Visualizing the Remarkable Declines in U.S. Teenage Pregnancies

We have one of those TVs in the elevators at work that flashes headlines. While these have kept me a bit more informed about current events, they’ve been detrimental to elevator conversations. 

So I’m riding the elevator the other day, talking to no one, and a headline appears about the incredible decline in teen pregnancy rate.  I thought this would be a perfect opportunity to “show” the results in Tableau.

The trend data comes from the Guttmacher Institute and the state-level data come from The National Campaign to Prevent Teen and Unplanned Pregnancy.  Additional context comes from the CDC.

I used a couple of techniques in Tableau that I will explain after the viz.  But first, some notes from explaining the situation.

  • Despite legalized aborting in 1973, the significant increases in pregnancy rates in the the 1980s and early 1990s are explained by increased birthrates but stable abortion rates.(Guttmacher)
  • Almost all of the decline in the pregnancy rate between 1995 and 2002 among 18–19-year-olds was attributable to increased contraceptive use. (Guttmacher)
  • Among women aged 15–17, about one-quarter of the decline during the same period was attributable to reduced sexual activity and three-quarters to increased contraceptive use. (Guttmacher)
  • The teen birth rate in the United States declined during 1991--2009 to its lowest level in the nearly 70 years. (CDC)

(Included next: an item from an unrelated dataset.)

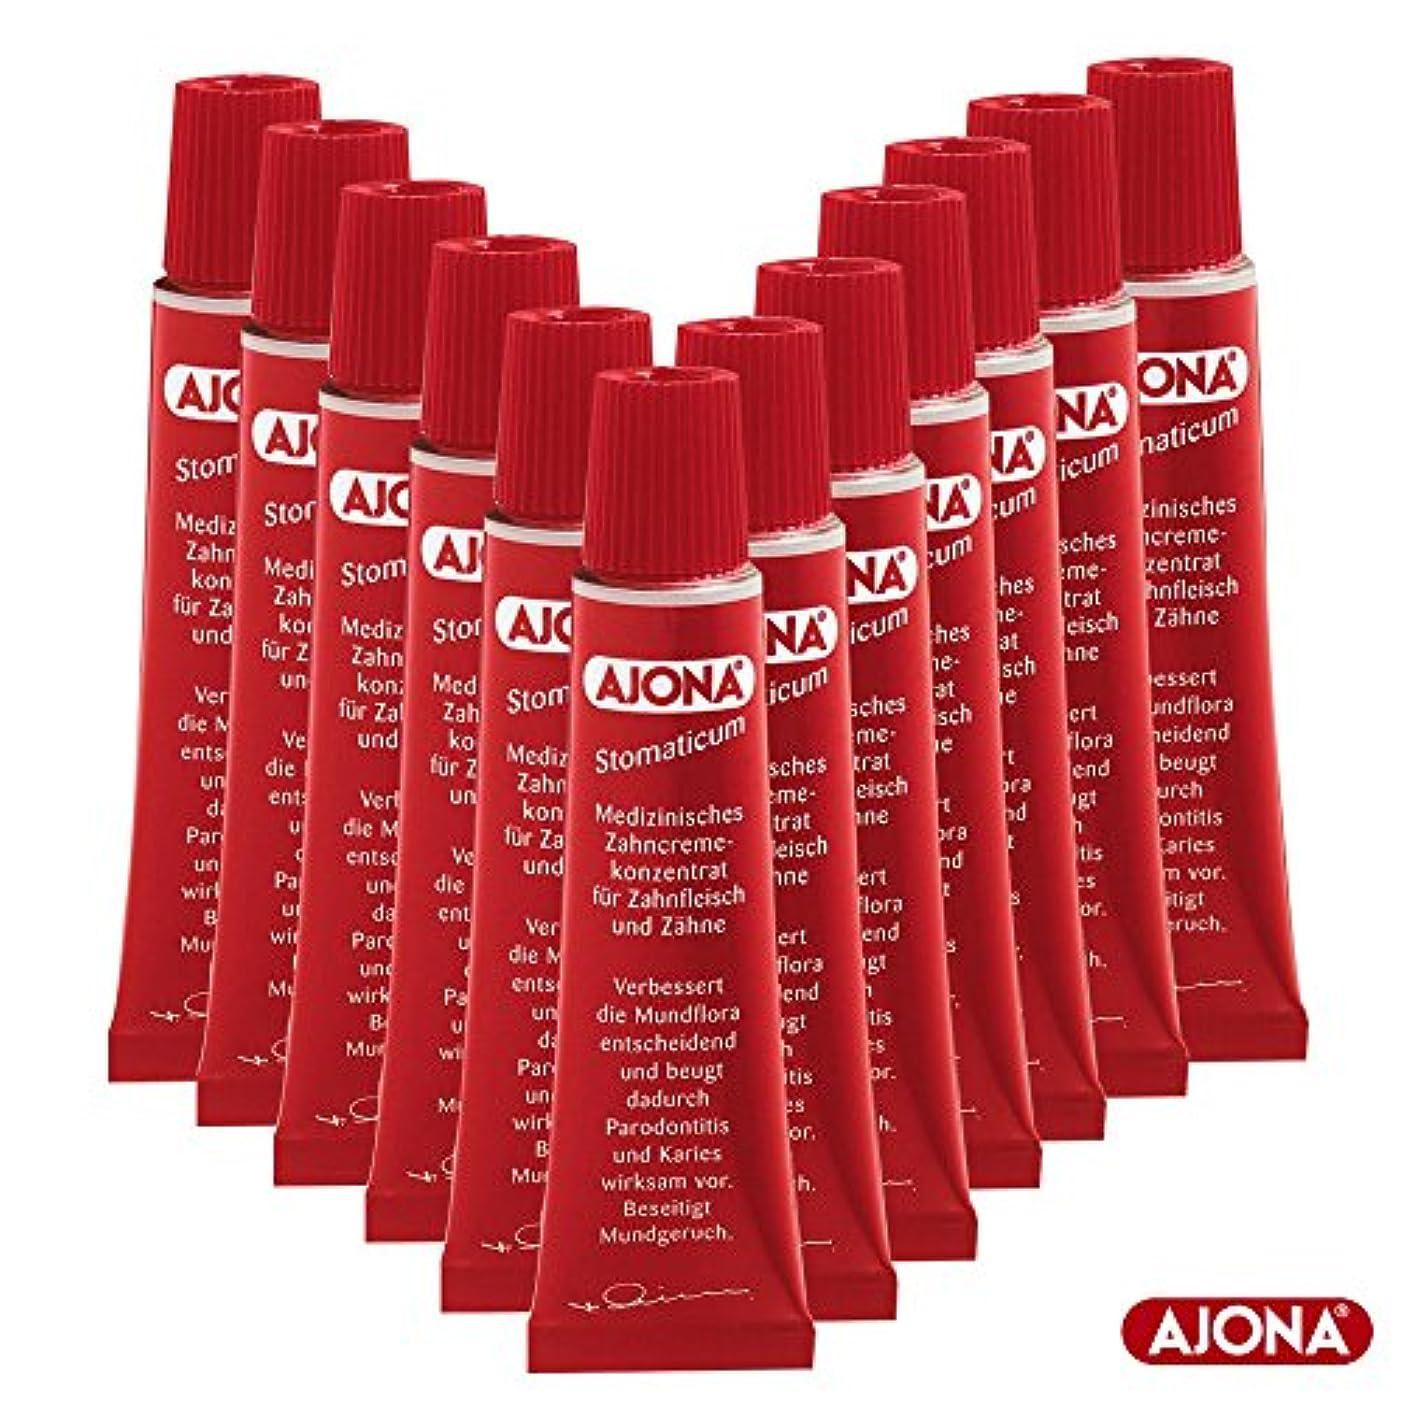 揃える松小学生Ajona 濃縮歯磨き粉 Stomaticum Toothpaste 25ml(12x 25ml)-12Pack [並行輸入品]

When looking at pregnancy rates what stuck out to me immediately is the clear dividing line between the north and the south.  According to the CDC, teen birth rates in the United States have declined but remain high, especially among black and Hispanic teens and in southern states.  Perhaps the higher rates are explained by race, but I wonder if the rates can be partly explained by the religious stigmas that are associated with abortion in the south.  Or perhaps sex education programs are not as strongly emphasized.  I haven’t found data to support my theories, but having lived here for almost 15 years, I notice what’s going on around me.

This blog post from Matt Stiles made me think not only the number of pregnancies, but also the rate.  The rate gives you a much more accurate comparison across states.

You might notice that I have three maps, one for the continental US and then one for each of Alaska and Hawaii.  This is done so that the map isn’t so zoomed out when looking at all of the states in one map.  Tableau does not come with a map like this so I:

  1. Created a single map of all states,
  2. Zoomed in on the continent,
  3. Pinned the map, and
  4. Hid the zoom controls.

I then:

  1. Duplicated the map twice,
  2. Changed the zoom to Alaska and Hawaii respectively, and
  3. Placed all three maps on a dashboard.

The reason I duplicated the maps instead of filtering each of the maps is because the color scale would not be accurately represented on any of the maps.  I want all states to use the same scale, therefore all states are actually on all of the maps.

I added a subtle feature you may not notice.  As you change the statistic from the drop down on the upper left, the title for the color legend changes dynamically.  Tableau doesn’t allow you to expose information from the viz in titles for the Size and Color cards like it does for captions, titles, tooltips, etc.  Here’s the technique I used to work around this limitation:

1. Create a calculated field for a label based on the statistic selected (which is a parameter)


2. Create a blank worksheet and place this calculated field on the Level of Detail shelf
3. Updated the title of the worksheet to expose this field


4. Format the worksheet so that the rows and columns are as small as possible and the gridlines are removed
5. Place the worksheet on the dashboard above the color legend
6. Change the Fit to Entire View
7. Show the title

That’s it.  I now have a dynamic title for the color legend.